Петербург
Шрифт:
Это был Страшный Суд.
– "Ай, ай, ай: что ж такое "я есмь"?"
– "Я есмь? Нуль..."
– "Ну, а нуль?"
– "Это, Коленька, бомба..."
Николай Аполлонович понял, что он - только бомба; и лопнувши, хлопнул: с того места, где только что возникало из кресла подобие Николая Аполлоновича и где теперь виделась какая-то дрянная разбитая скорлупа (вроде яичной), бросился молниеносный зигзаг, ниспадая в черные, эонные волны...
Николай Аполлонович тут очнулся от сна; с трепетом понял он, что его голова
И вскочил: страшный сон... А какой?
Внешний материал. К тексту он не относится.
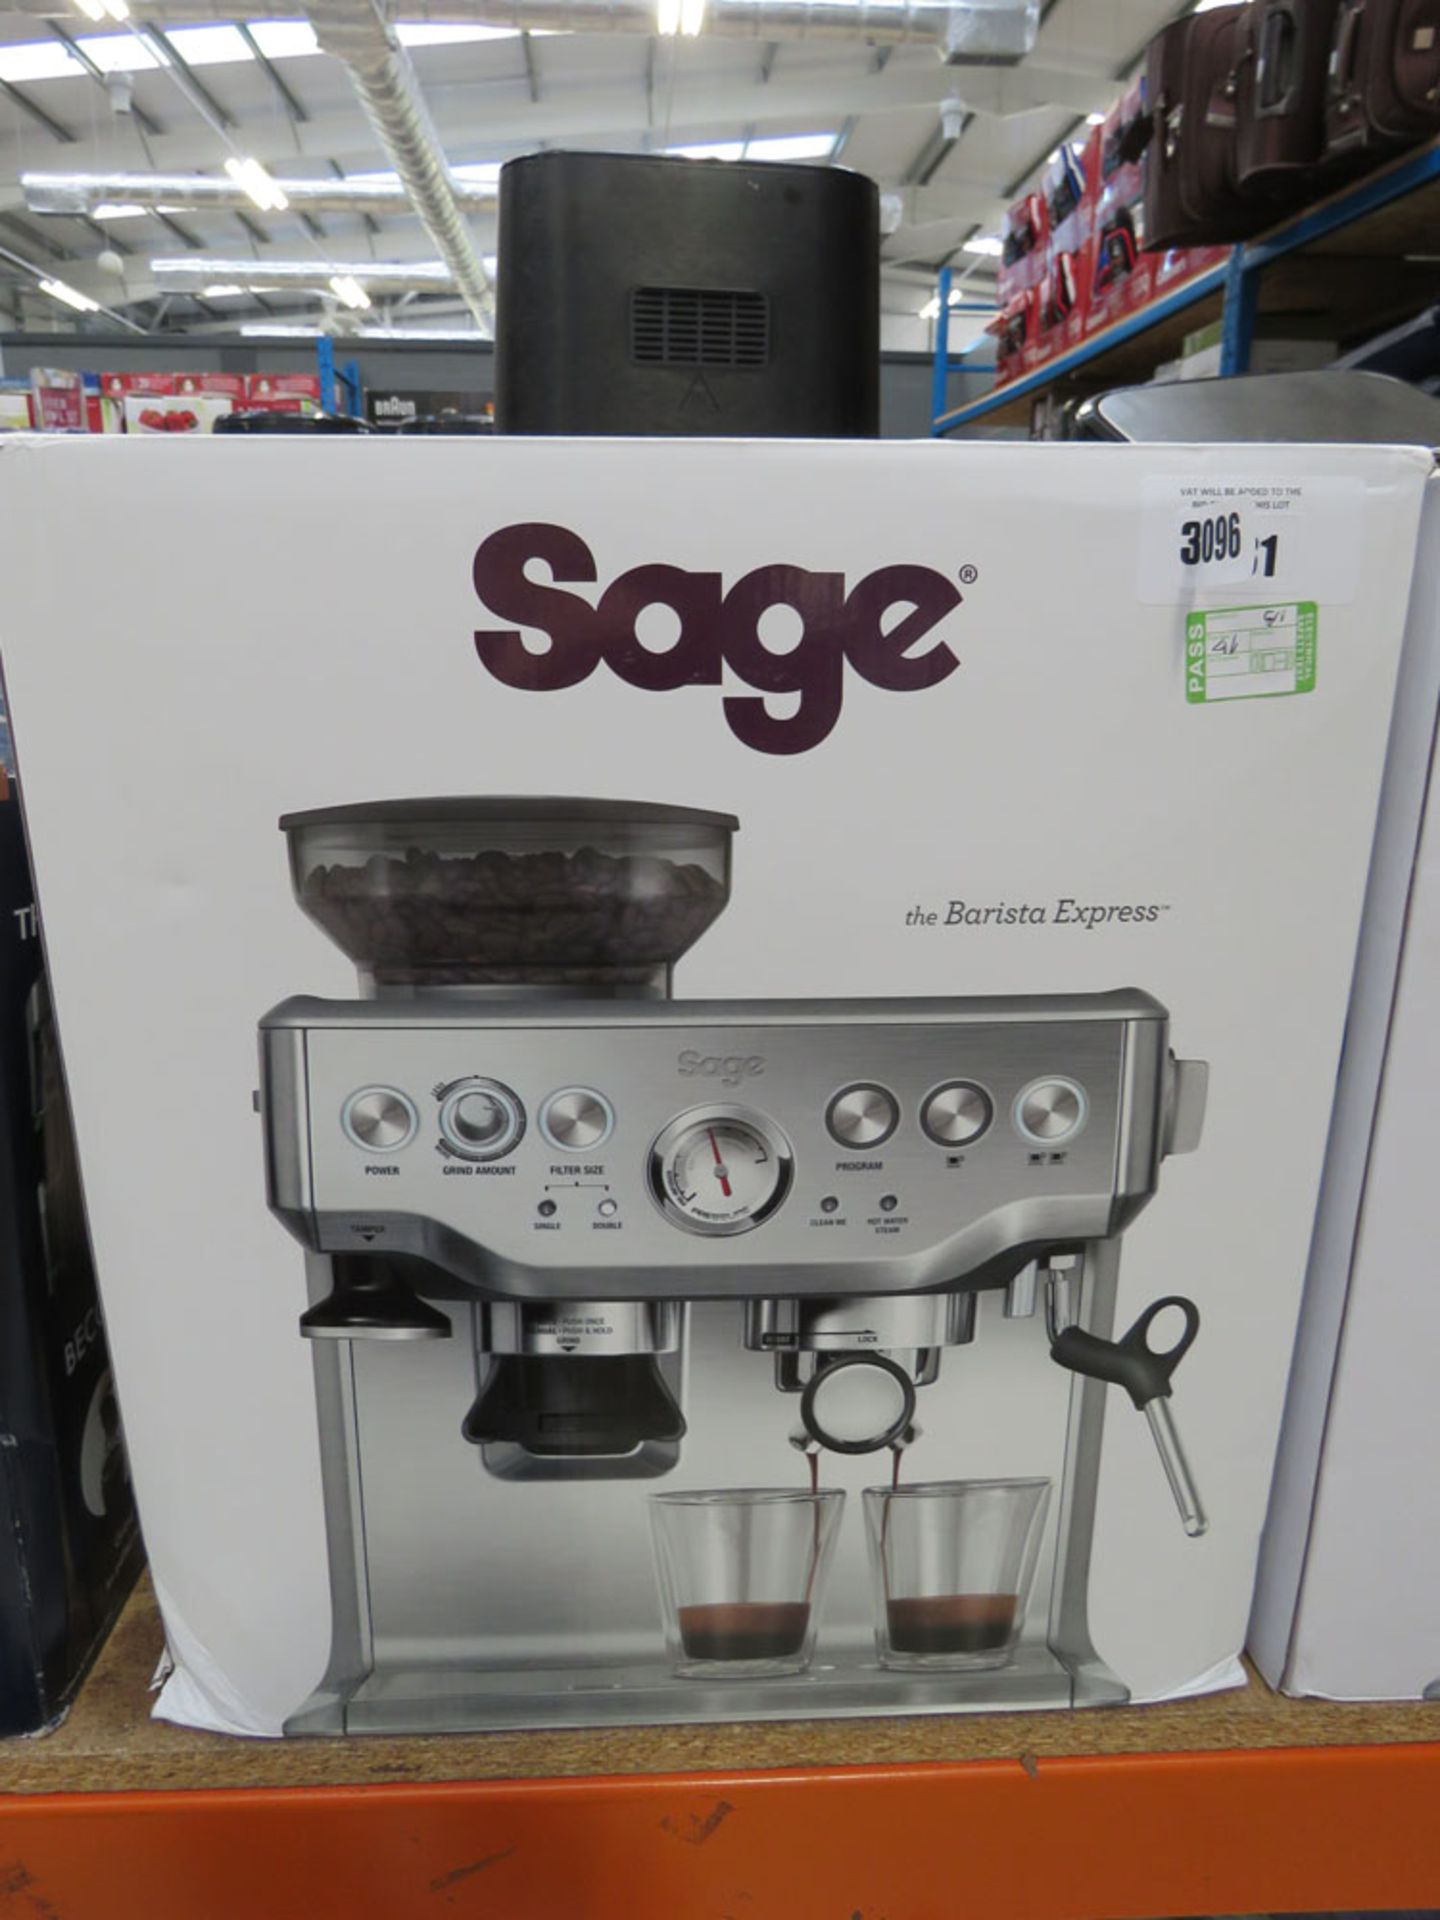 3081 - Sage Barista Express coffee machine with box

Сон не припомнился; детские кошмары вернулись: Пепп Пеппо-вич Пепп, распухающий из комочка в громаду, видно там до времени приутих - в сардинной коробочке; стародавние детские бреды возвращались назад, потому что
– Пепп Пеппович Пепп, комочек ужасного содержания, есть просто-напросто партийная бомба: там она неслышно стрекочет волосинкой и стрелками; Пепп Пеппович Пепп будет шириться, шириться, шириться. И Пепп Пеппович Пепп лопнет: лопнет все...
– "Что я... брежу?"
В голове его опять завертелось с ужасающей быстротою: что ж делать? Остается четверть часа: повернуть еще ключ?
Ключик он еще повернул двадцать раз; и двадцать раз что-то хрипнуло там, в жестяночке: стародавние бреды на краткое время ушли, чтобы утро осталося утром, а день остался бы днем, вечер - вечером; на исходе же ночи никакое движение ключика нижнего не отсрочит: будет что-то такое, отчего развалятся стены, пурпуром освещенные небеса разорвутся на части, смешавшись с разбрызганной кровью в одну тусклую, первозданную тьму.
Конец пятой главы
ГЛАВА ШЕСТАЯ,
в которой рассказаны происшествия серенького денька
За ним повсюду Всадник Медный
С тяжелым топотом скакал.
А. Пушкин1
ВНОВЬ НАЩУПАЛАСЬ НИТЬ ЕГО БЫТИЯ
Было тусклое петербургское утро.
Вернемся же к Александру Ивановичу; Александр Иванович проснулся; Александр Иванович приоткрыл слипавшиеся глаза: бежали события ночи - в подсознательный мир, нервы его развинтились; ночь для него была событием исполинских размеров.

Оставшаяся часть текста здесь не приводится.